Professor Patrick Parkinson, one of our founding board members, has written a substantial (109 page!) submission to the Ruddock inquiry into the protection of religious freedom. This submission, which we have titled ‘Protecting Diversity’ makes the case for a better legal framework for religious freedom in Australia. We have met with the Panel and were grateful to see the way they had clearly engaged with our arguments.

Our submission was made on behalf of, or endorsed by, a range of denominations and church groups including the Australian Christian Churches (which includes Hillsong), the Baptists, the Presbyterian Church of Australia, the Seventh-Day Adventist Church, the Anglican Church Diocese of Sydney, the Barnabas Fund, the Assembly of Confessing Congregations within the Uniting Church, the Christian Reformed Churches of Australia, Free Reformed Churches of Australia, Church Communities Australia, the Sydney Chinese Christian Churches Association, the Fellowship of Independent Evangelical Churches and Crusaders.

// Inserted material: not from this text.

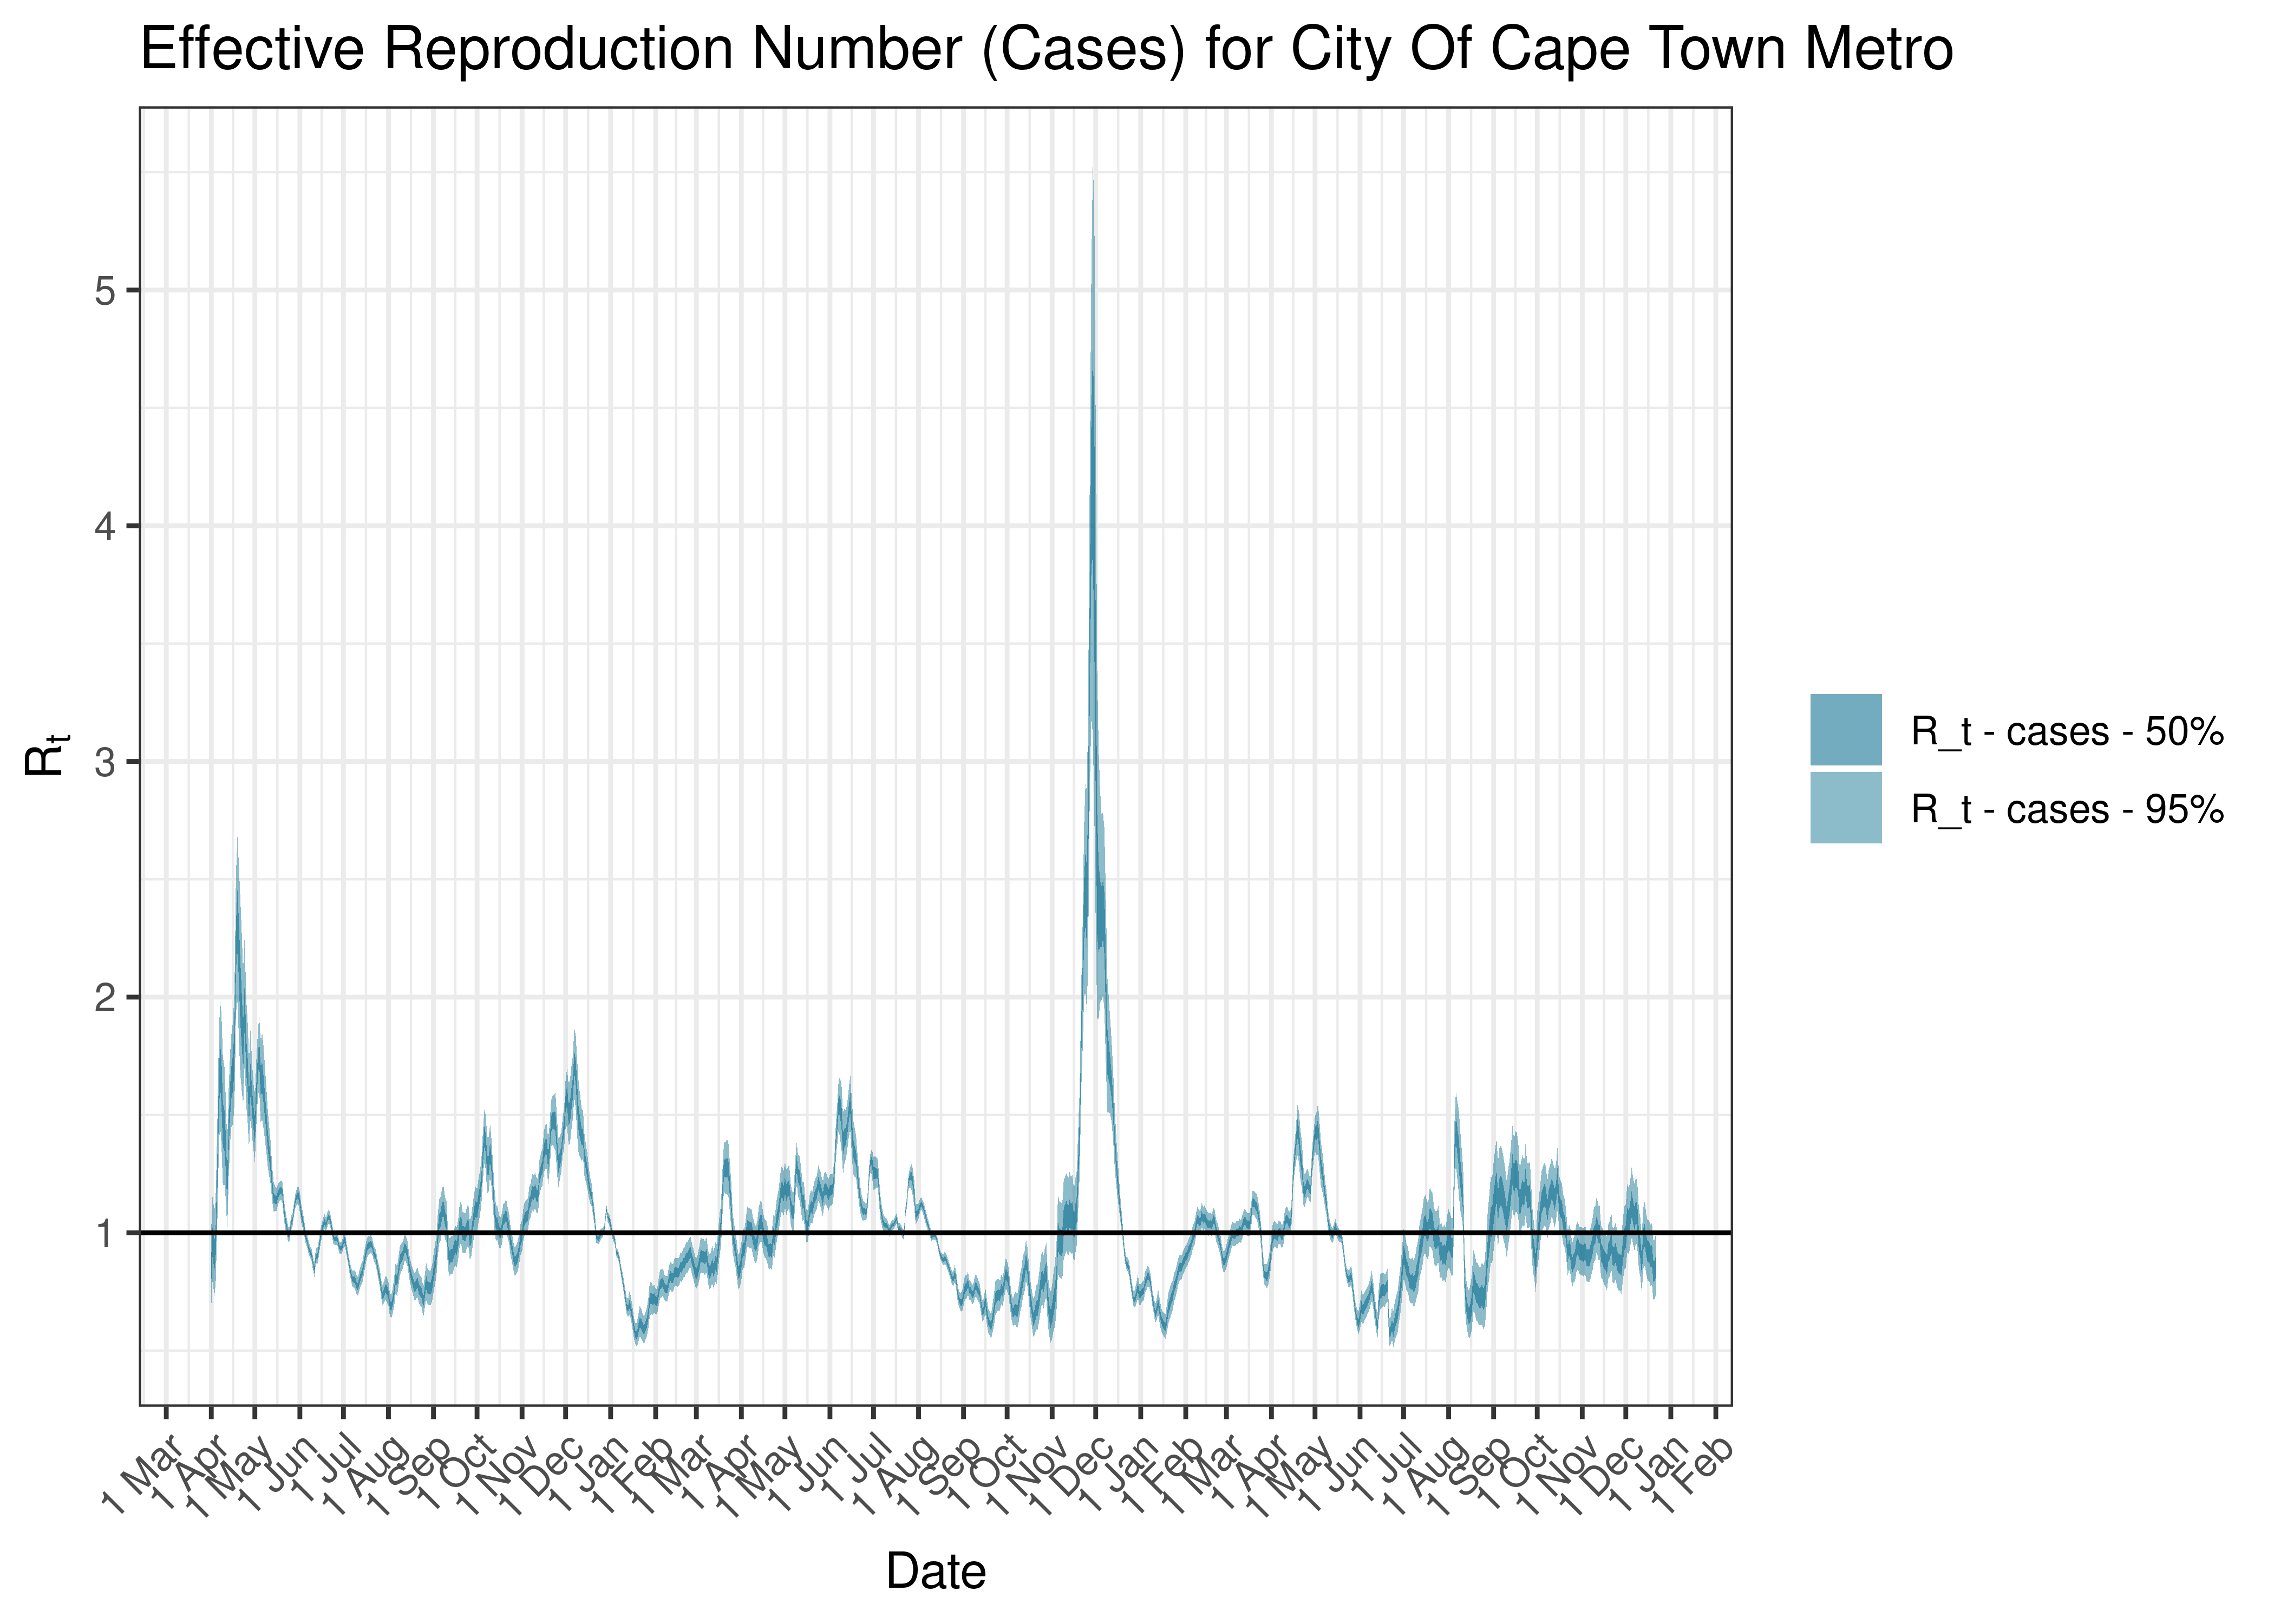 Estimated Effective Reproduction Number Based on Cases for City Of Cape Town Metro since 1 April 2020

In other words, most of the Australian Protestant Christians in church on any given Sunday! We’re also having very close ongoing conversations with the Eastern Churches, Catholic Churches, and other faith groups who’ve been very positive towards our recommendations. This degree of alignment between churches to back a submission is without precedent.  

The Panel received over 16.5k submissions and won’t have time to interact with them all before reporting back at the end of March. They therefore will rely on submissions like ours that demonstrate a breadth of support and a depth of expertise.

Religious freedom is precious and should not be taken for granted.  It must be said that many of those making submissions are asking for existing freedoms to be taken away. The challenges to it are real and growing. There are concrete steps for legal reform that are reasonable and achievable. The government should resist any political temptation to offer a ‘lowest common denominator’ reform package. They can and should do better than that.